A tattoo gun can be used as a weapon. A sewing needle, paper clip, piece of guitar string or purloined needle from the infirmary placed inside the shaft of a ballpoint pen and fortified for stability by being taped to popsicle sticks, a toothbrush handle, spine of a comb or a plastic eating utensil can certainly inflict considerable harm.

 

Certain tattoos foment friction.  Prison and street gang tattoos and racial hatred symbols such as swastikas or a KKK cross are blatant provocations to incite violence.

 

Operating a mushfake tattoo gun that uses electric house current is inherently dangerous.

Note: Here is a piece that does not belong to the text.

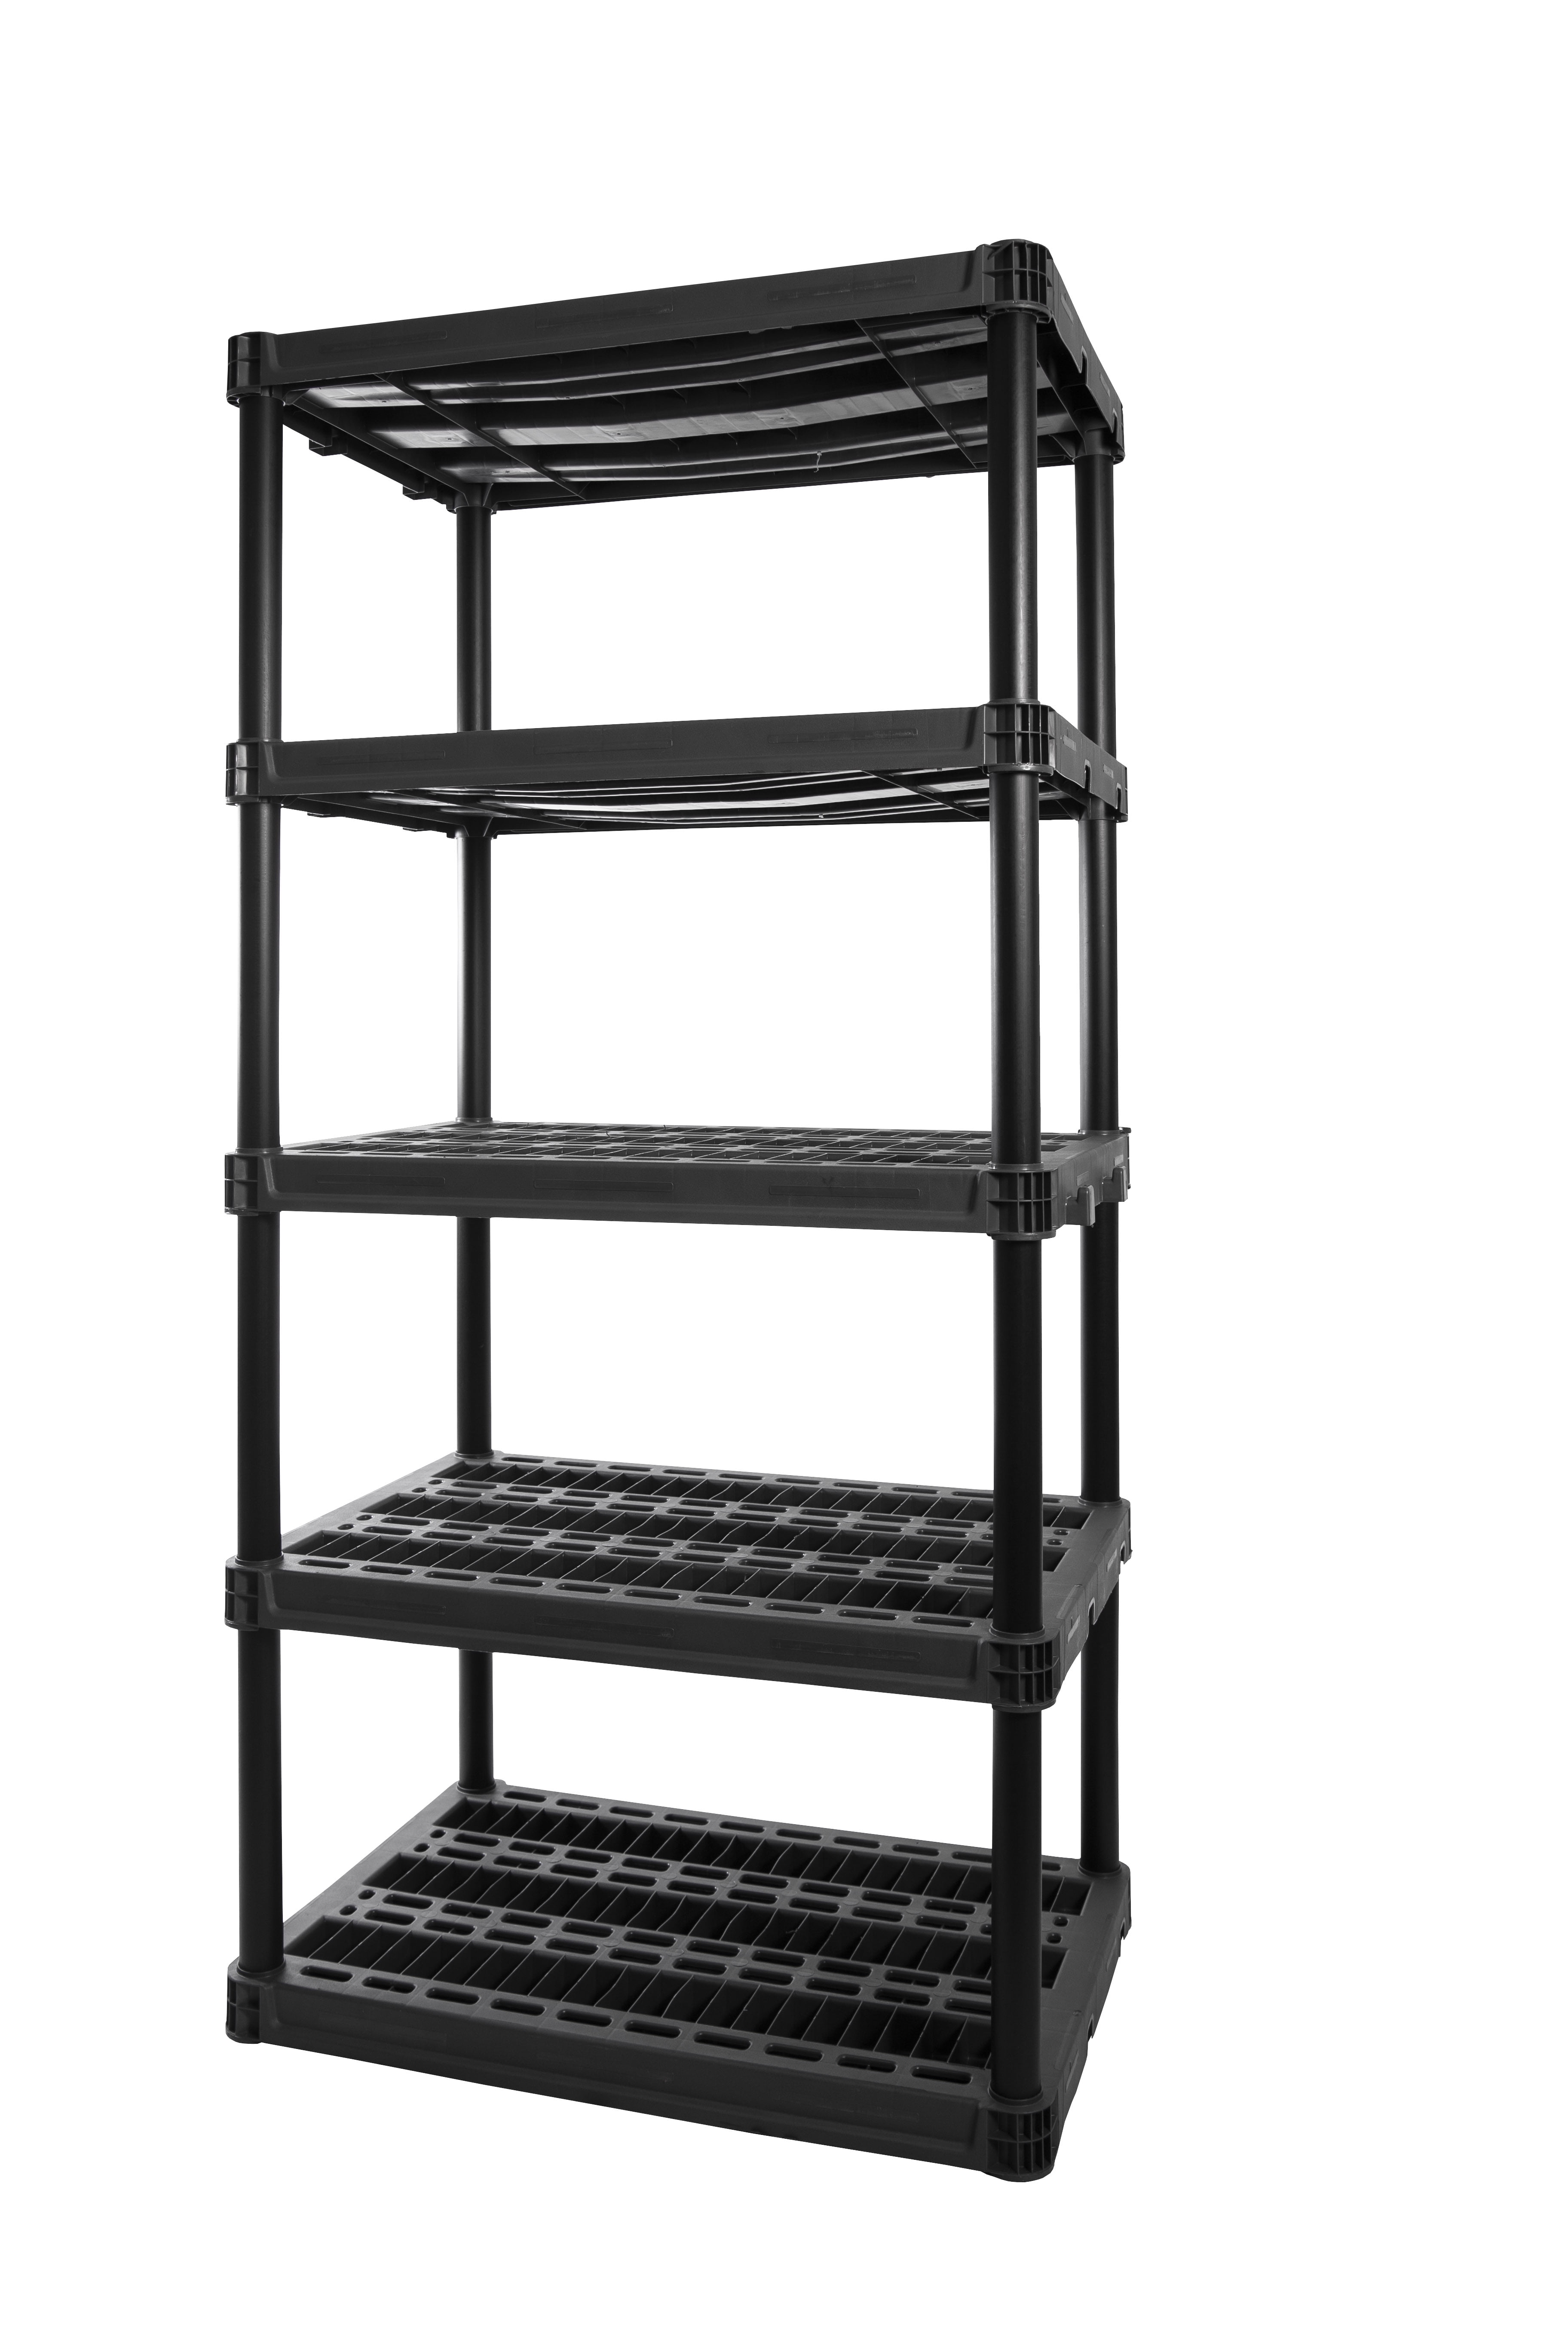 Plano 5-Shelf Heavy Duty Plastic Storage Shelves, 73” x 36” x 18”, 750

It poses both an electrical shock and fire hazard.  Even if the original equipment used to construct the gun was UL listed, once the electrical appliance is compromised it is dangerous and its safety can no longer be ensured.  Additionally, using a light bulb or fluorescent light socket for the power source in the absence of an electrical outlet, or using an outlet that is not GFI protected can disrupt electrical service by blowing out circuits and potentially causing serious injury to “jailhouse electricians”, the tattoo artist and the customer.

 

As serious as the security, inmate management and safety arguments are, they pale in the face of the spread of communicable diseases, particularly Bloodborne diseases such as Hepatitis B and C, and HIV which may be contracted through an infected needle, infected ink and by the infected artist.  Sterility and infection control is not part of the jailhouse body art culture.  As professionals in corrections, sooner or later we have to address this problem … preferably sooner.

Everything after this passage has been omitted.